In late October, the regional supervisor made a surprise visit to our store to see how we were doing without the services of a manager. She pulled me aside as her visit was coming to an end. “You’re a smart kid, right?” I wasn’t sure how to answer so I just nodded. “Well, a smart kid who works hard could really go places here.” I wasn’t sure if she was joking. “Talk to me in about six months, I might have an assistant manager position opening up in one of our other stores. You could be making one and a half times what you’re making now.” In six months, I could be making $6.40 an hour. The prospect left me underwhelmed. “Oh,” she continued, “and see if you can’t find a mop and clean up this floor. It’s filthy out here.”

On Halloween, my girlfriend broke up with me. She called me after taking her little brother trick-or-treating. She asked me to meet her, that we needed to talk. When I pulled up, she was waiting for me on the curb. She was dressed as a pumpkin. An orange felt globe covered her body from shoulders to thighs. Her head was painted green.

By early November, my posture was noticeably worse. I rarely smiled, and even on those days when I didn’t work, my clothes still smelled like cut-rate potpourri. I was down. It seemed like everything I had loved about this town, about being home, had changed. Then one night I got invited to go sledding. I lived outside of Buffalo, where snow in November is not an uncommon occurrence. I snuck onto the local country club grounds, where the best hills were located, with some friends of mine who were enjoying their senior year of high school. Surrounded by the exceptionally clear and chilly night, all they could talk about was college, the people they would meet, the parties they would go to, the chance to finally get out of this “tiny, stifling town.” I listened to them for almost an hour.

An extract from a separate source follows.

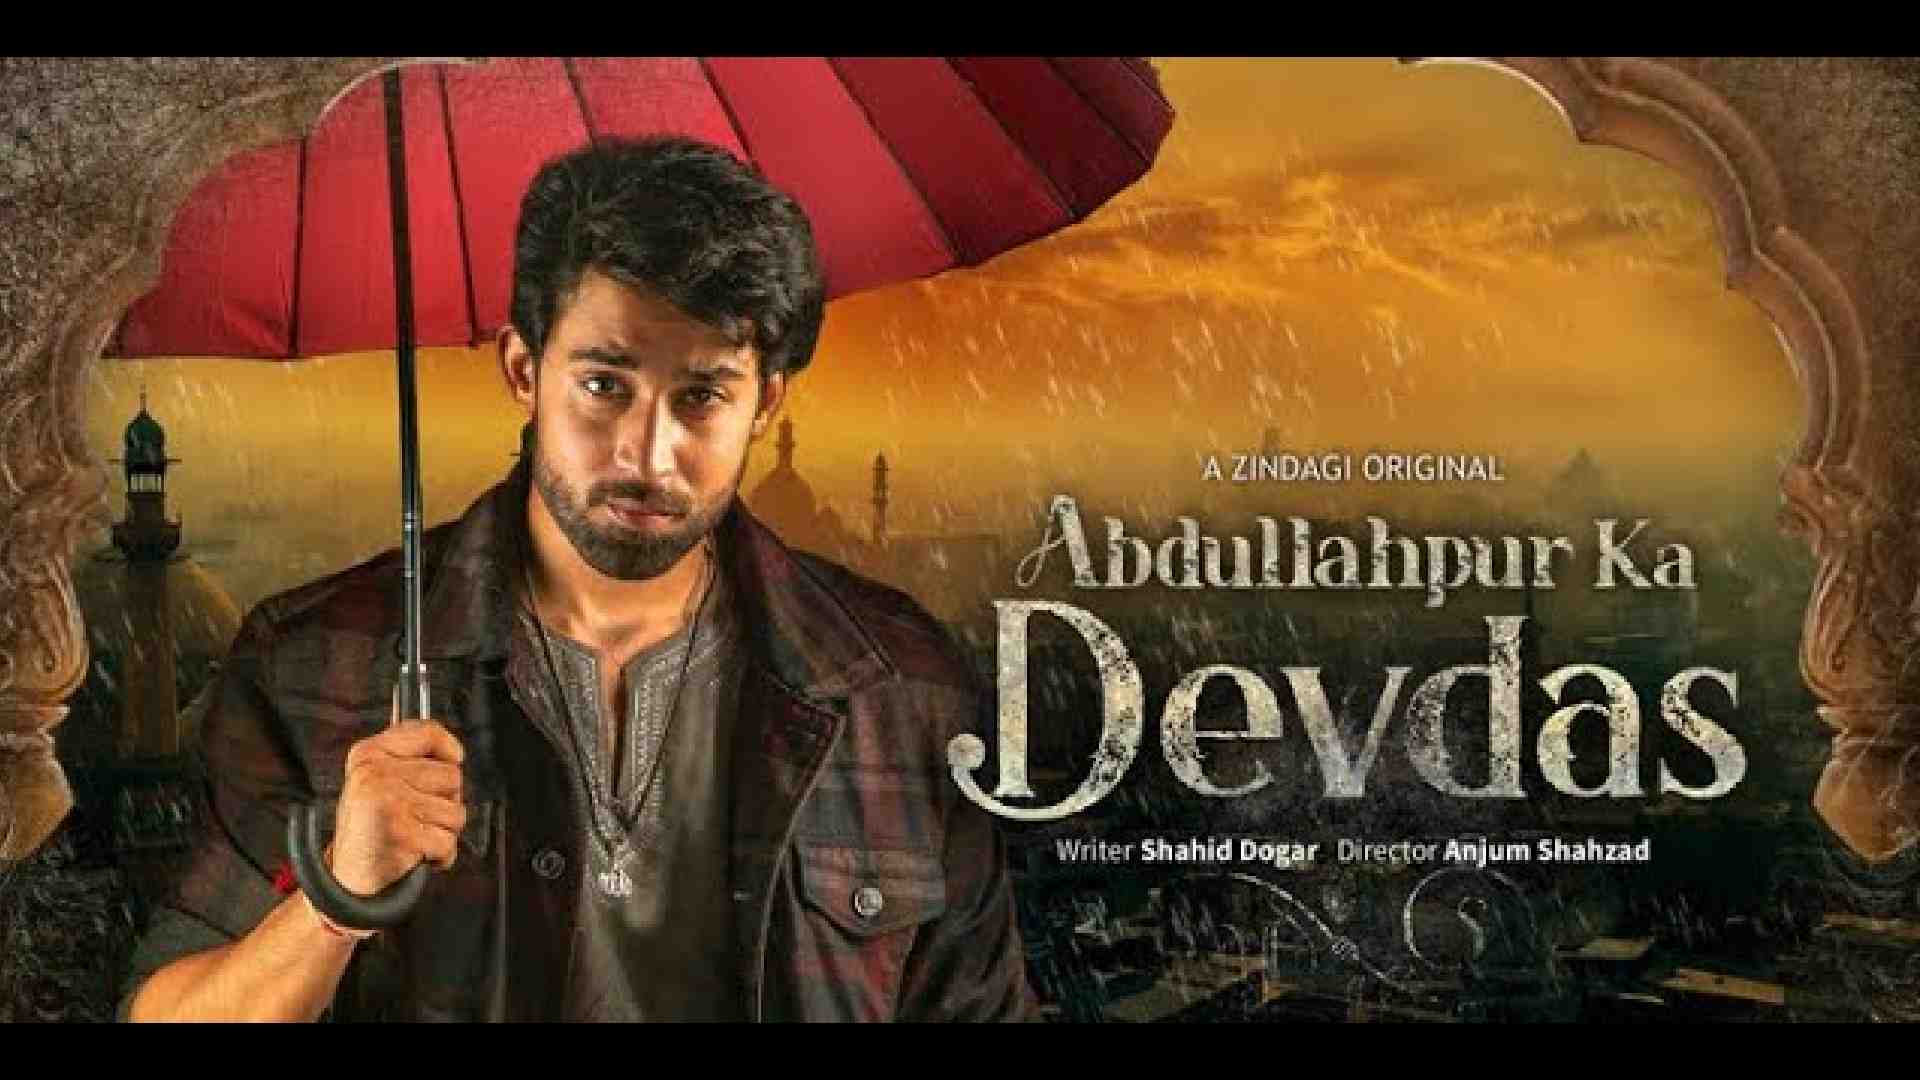 Pakistani Drama AbdullahPur Ka Devdas Synopsis 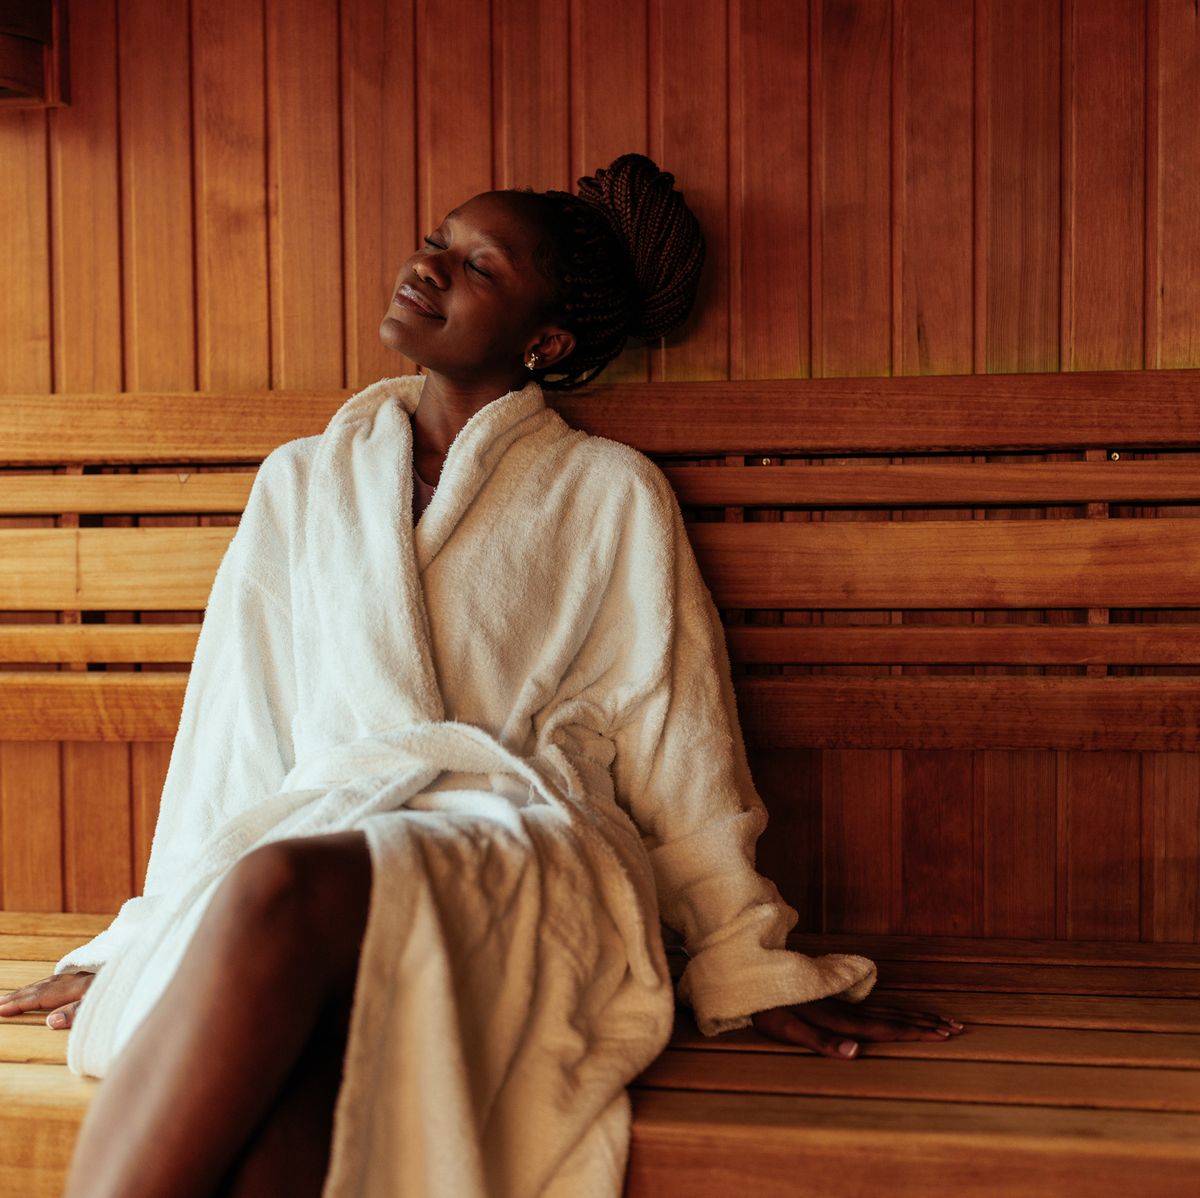 https://hips.hearstapps.com/hmg-prod/images/young-black-woman-enjoying-in-sauna-royalty-free-image-1707761078.jpg?crop=0.668xw:1.00xh;0.0737xw,0&resize=1200:*

I started thinking about the way Hopkins’s campus had looked when we drove up for the first time. I saw the students unloading vans and U-Hauls. A beach volleyball court had been built in front of one of the dorms. Flyers on the trees had announced upcoming parties and concerts. That was all there. And I was here.

And I was jealous.

It shocked me. It was then that I realized I had changed. I had been trying with everything I could muster to hold onto that time of graduations, friends and girlfriends, trying to hold off the future as long as I could, without even realizing that I had been changing the whole time. I’d let some ties drop away, others had come undone. And now I was jealous of my high-school friends. I wanted their future, the same one I had put on hold.

It was time to act.

The next morning, I met my dad in the dining room. “Dad,” I said, “you think you could call Hopkins and ask about me heading back there this January?”

He smiled, didn’t make a big deal. “I’ll see what I can find out,” is all he said.

Two months later, my father and I were taking that same route that had proven so problematic in September. The eight-hour drive seemed to take forever, and I’d be lying if I said a little of that old fear, that longing for the past, didn’t come back. But every time it did, I thought about that night in the snow. I felt the rush of excitement that came with thoughts of starting a new chapter in my life, with new challenges, and the fear faded away. As we drove through the backwoods of Pennsylvania, we passed by a faded old sign on rusted posts, maybe from the previous fall, maybe from the Great Depression, advertising “jack-o-lanterns next left.” I smiled and pulled a map from the glove box. We only had about a hundred more miles to go.